Другой представитель старого мира говорил мне, например:

— Да, я очень люблю прежнюю Россию и жалею о ней. Но чем больше я думаю, мне кажется, что старая Россия мне прежде всего дорога потому, что в ней протекла моя молодость. Я стараюсь понять новую Россию, принять ее, хоть это не всегда мне полностью удается.

Это уже первый шаг на новом пути: наконец наступившее сознание, что к прошлому нет возврата.

Такого же принципа, что и в отношении к знакомым французам, я придерживался и к русским эмигрантам, виделся только с теми, которые сами изъявили желание встретиться со мной. Я знал, что некоторые всячески поносили меня, повторяли грубую брань, которая разлилась по страницам эмигрантской печати в связи с моими воспоминаниями, резко корили тех, кто оказывал мне радушный прием. Но вот опять-таки получилось, что подавляющее большинство моих старых друзей-соотечественников встретило меня и радушно и взволнованно.

И это в первую очередь потому, что былые антисоветские настроения выветриваются в эмиграции, Во всяком случае, в парижской.

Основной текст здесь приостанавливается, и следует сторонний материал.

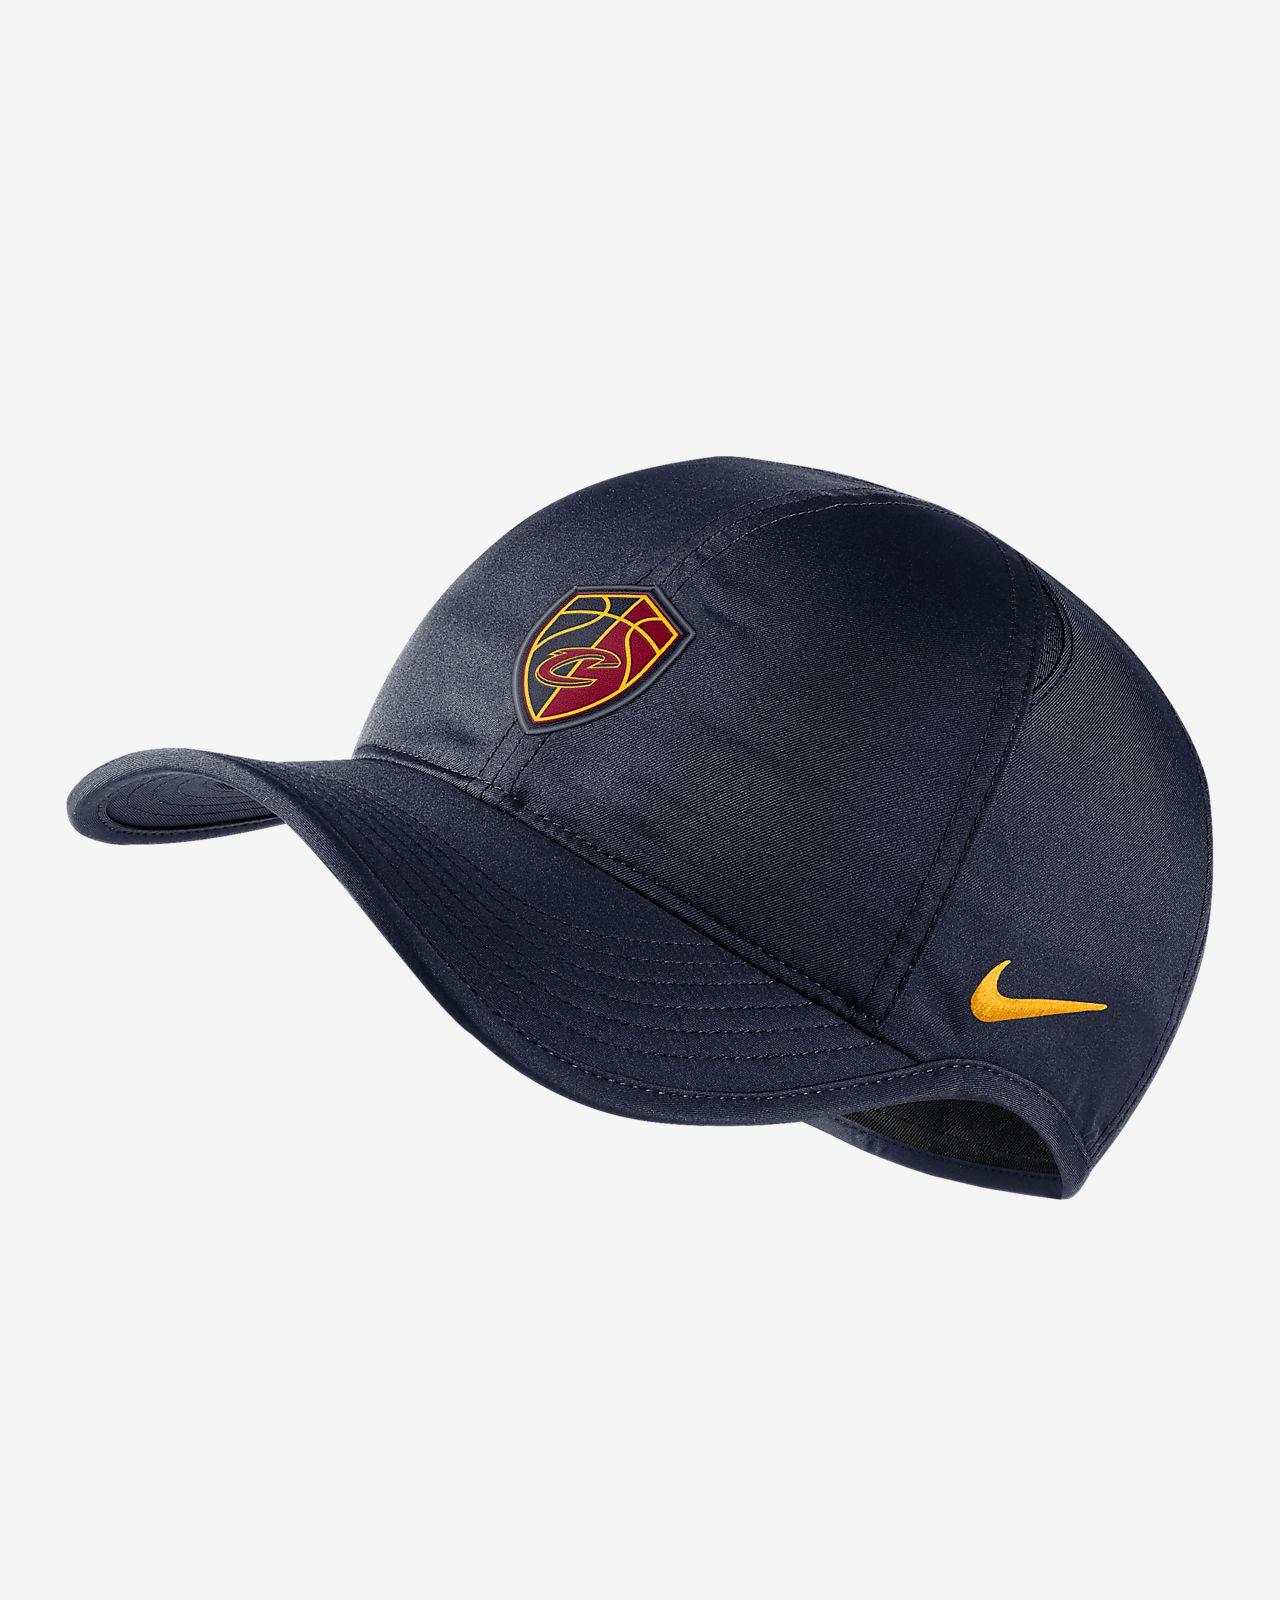 4d9986f79122d Cleveland Cavaliers Nike AeroBill Featherlight NBA Hat. Nike.com

Есть, конечно, отдельные лица, которых неумение найти иной заработок заставляет еще где-то выступать с заявлениями, что весь народ наш ждет не дождется часа, когда чужеземные благодетели придут его освобождать, ну совсем так, как писали, например, в 1918 году, когда революция действительно могла казаться людям из старого мира устрашающим скачком в неизвестность. Но русские по крови, которым неприятно даже напоминание об эпопее на берегах Волги, о наших мировых стройках, о советском вымпеле на Луне, уже ни с чьей стороны, как мне кажется, не заслуживают никакого интереса. Вернемся же к честным людям.

Русские эмигранты в подавляющем большинстве свыклись с французской жизнью, с существованием на чужбине. Но какая-то глубокая, сокровенная память о матери-отчизне все еще жива в них.

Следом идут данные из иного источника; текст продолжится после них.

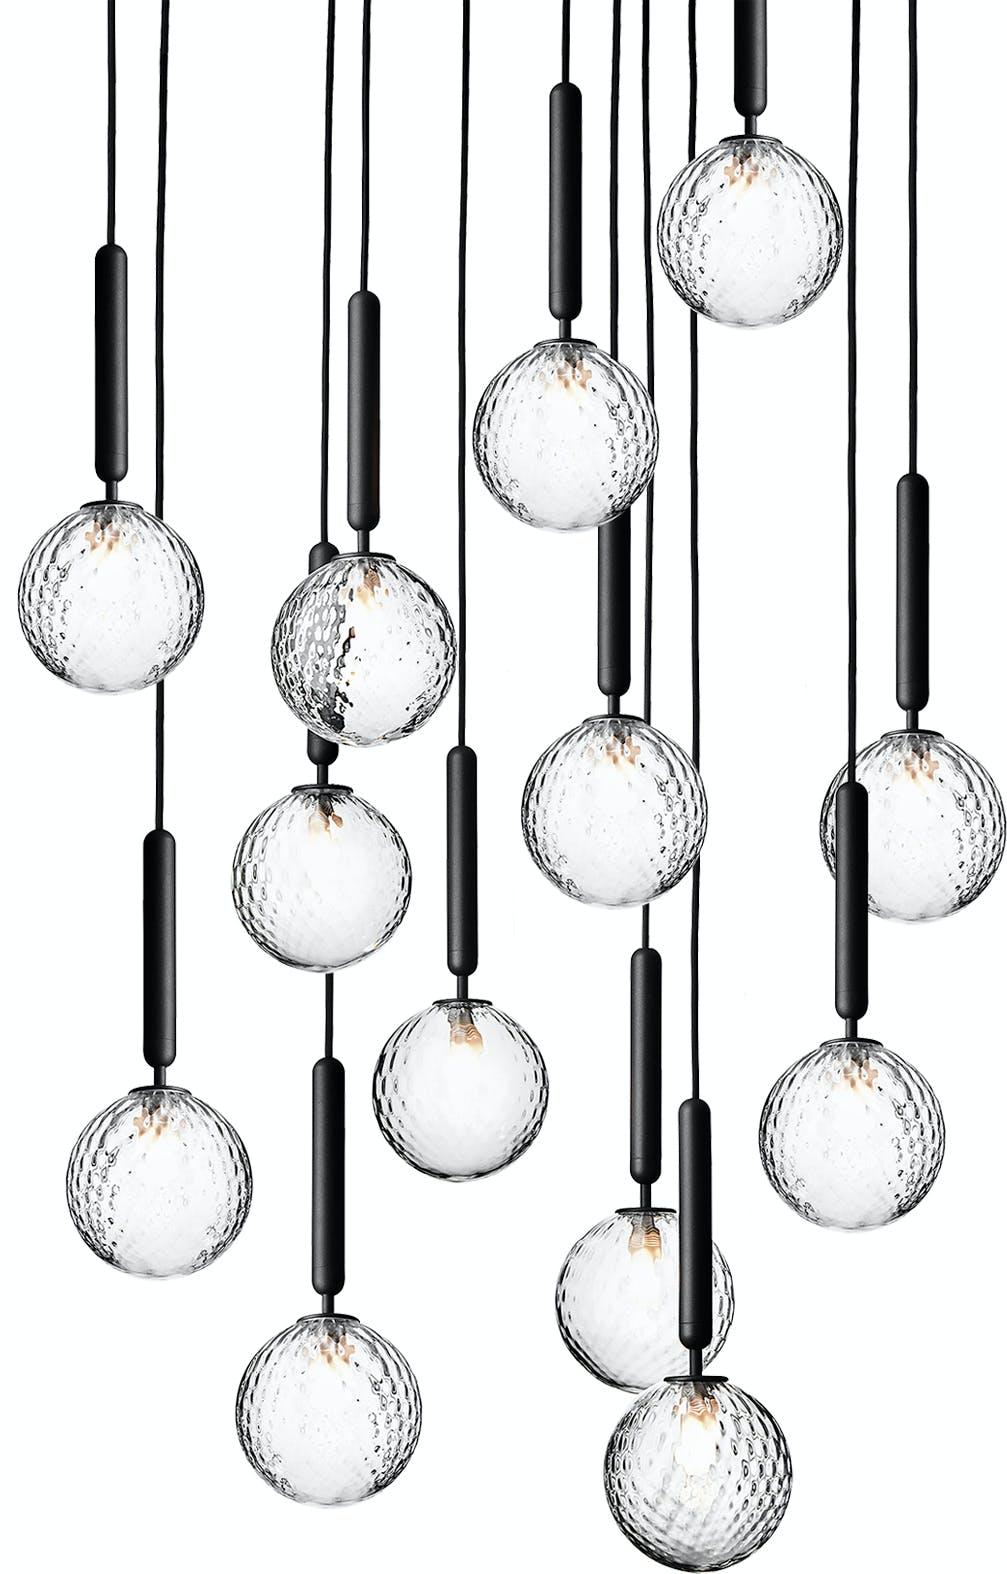 nuura miira 13 chandelier thumb haute living

У некоторых моих собеседников французов я наблюдал подсознательную зависть. Но это чувство я приметил в еще большей степени, притом испытываемое ко мне лично, у многих русских эмигрантов.

Один из моих давнишних приятелей устроил обед, пригласив, кроме меня, еще троих соотечественников, с которыми я тоже был связан давнишней дружбой или знакомством. Квартира этого приятеля, занимающего во французском учреждении очень солидное положение, была украшена старинными русскими гравюрами — видами русских городов. Три гостя его носили имена, вписанные в русскую историю: один был потомком знаменитых елизаветинских вельмож, другой — внуком всемогущего министра Александра II, третий — Рюриковичем. При этом первый был почему-то голландским подданным, второй — американским гражданином, третий — французским, а сам хозяин имел эмигрантский паспорт.

Обед был оживленный, главным образом посвященный связывающим нас воспоминаниям прошлого. Но, уже не помню, по какому поводу, один из гостей заметил, взглянув в мою сторону:

— А ведь, в сущности, один он представляет среди нас свою подлинную страну!

А другой, кажется работающий банковским служащим, добавил:

— И в общем занимается делом, которое ему всего более по душе, делом, к которому, вероятно, готовился уже в юности…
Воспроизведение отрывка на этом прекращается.